* What you are asked to do
Below this line are records; transcribe exactly the lines between the one holding "Jason S List" and the one holding "Mens Bracelets Online, Mens", inclusive, and omit the pictures.

* Information given
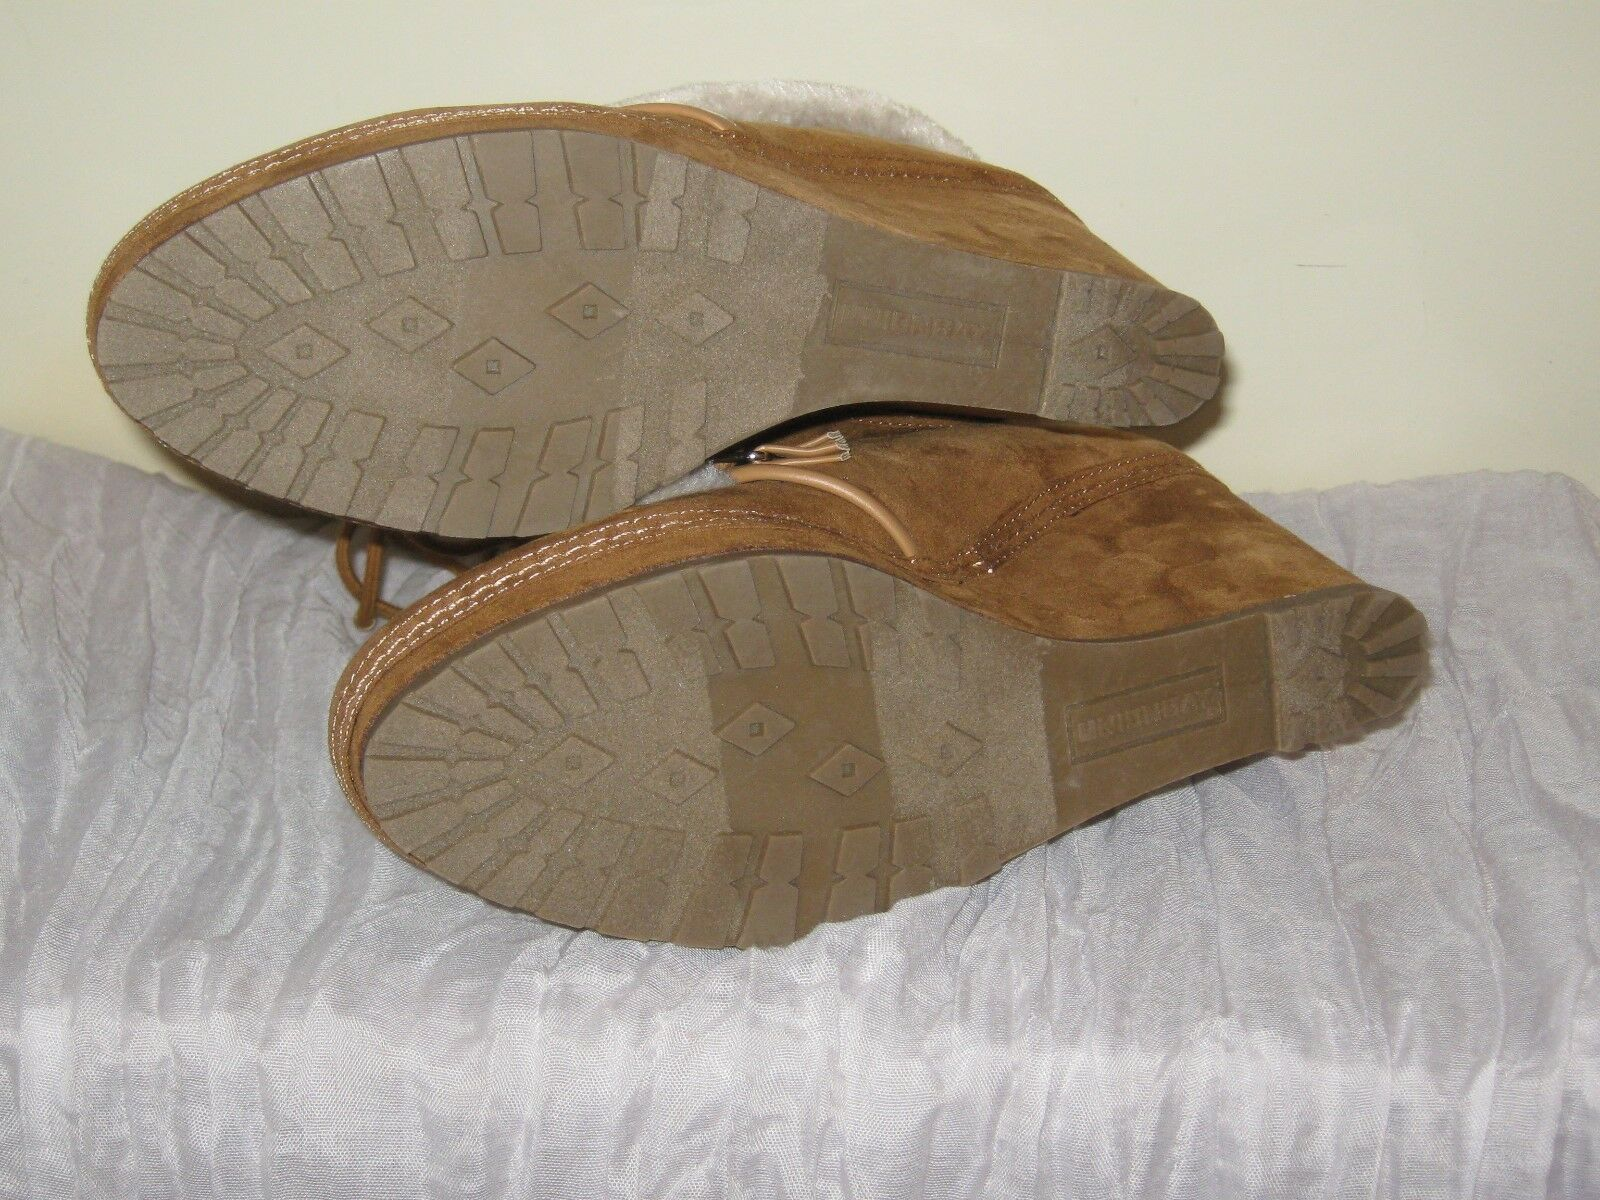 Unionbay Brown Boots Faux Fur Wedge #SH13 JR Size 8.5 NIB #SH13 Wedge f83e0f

==

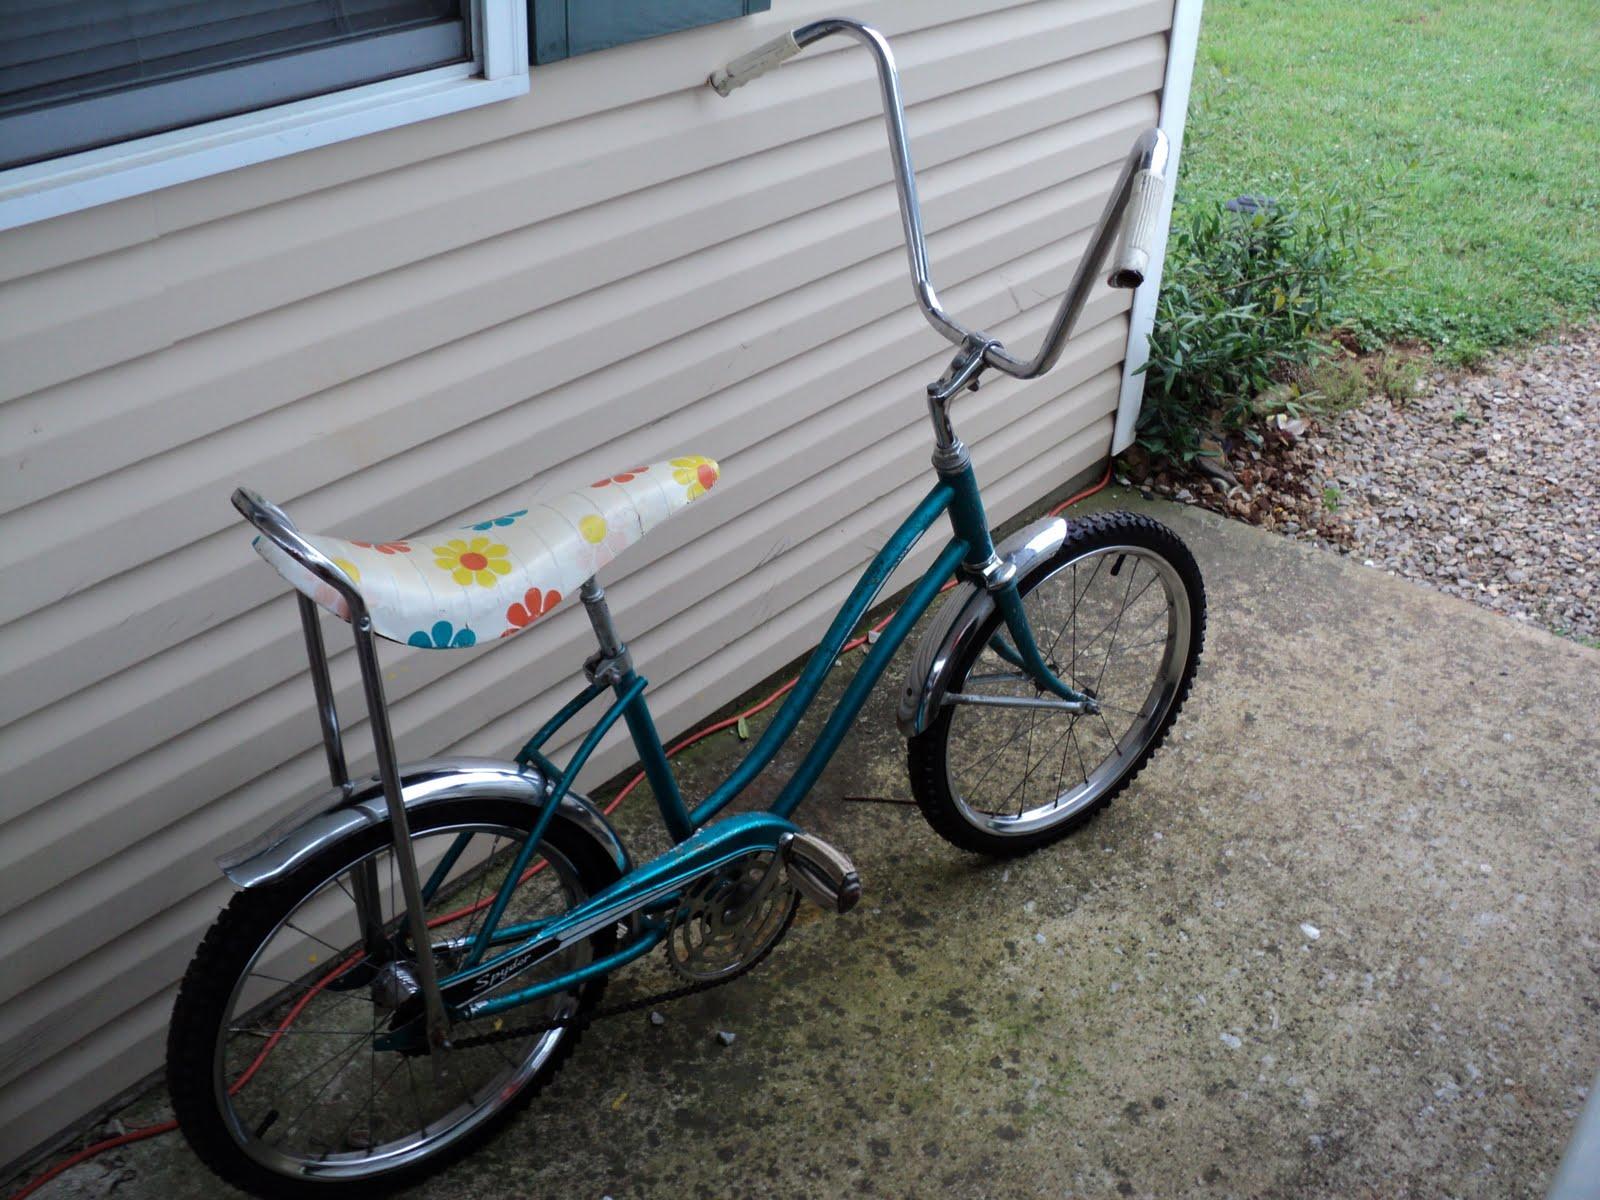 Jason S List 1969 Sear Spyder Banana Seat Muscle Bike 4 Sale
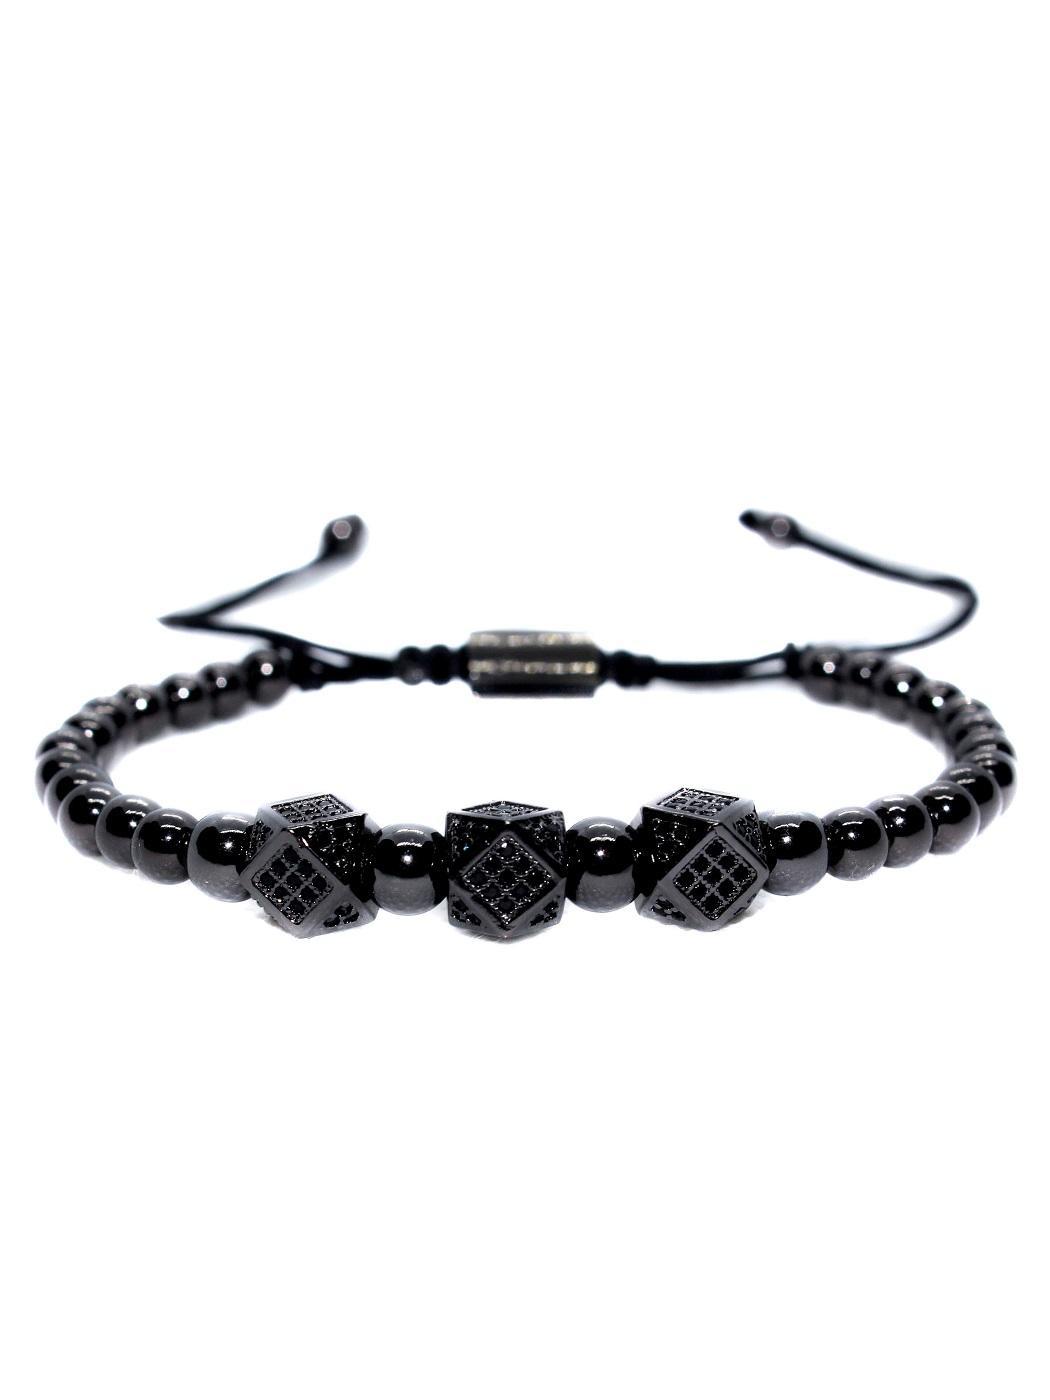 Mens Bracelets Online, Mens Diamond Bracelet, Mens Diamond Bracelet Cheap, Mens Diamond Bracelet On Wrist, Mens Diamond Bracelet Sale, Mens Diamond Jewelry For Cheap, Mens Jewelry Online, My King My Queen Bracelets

* Solution to this task
 Jason S List 1969 Sear Spyder Banana Seat Muscle Bike 4 Sale
 Mens Bracelets Online, Mens Diamond Bracelet, Mens Diamond Bracelet Cheap, Mens Diamond Bracelet On Wrist, Mens Diamond Bracelet Sale, Mens Diamond Jewelry For Cheap, Mens Jewelry Online, My King My Queen Bracelets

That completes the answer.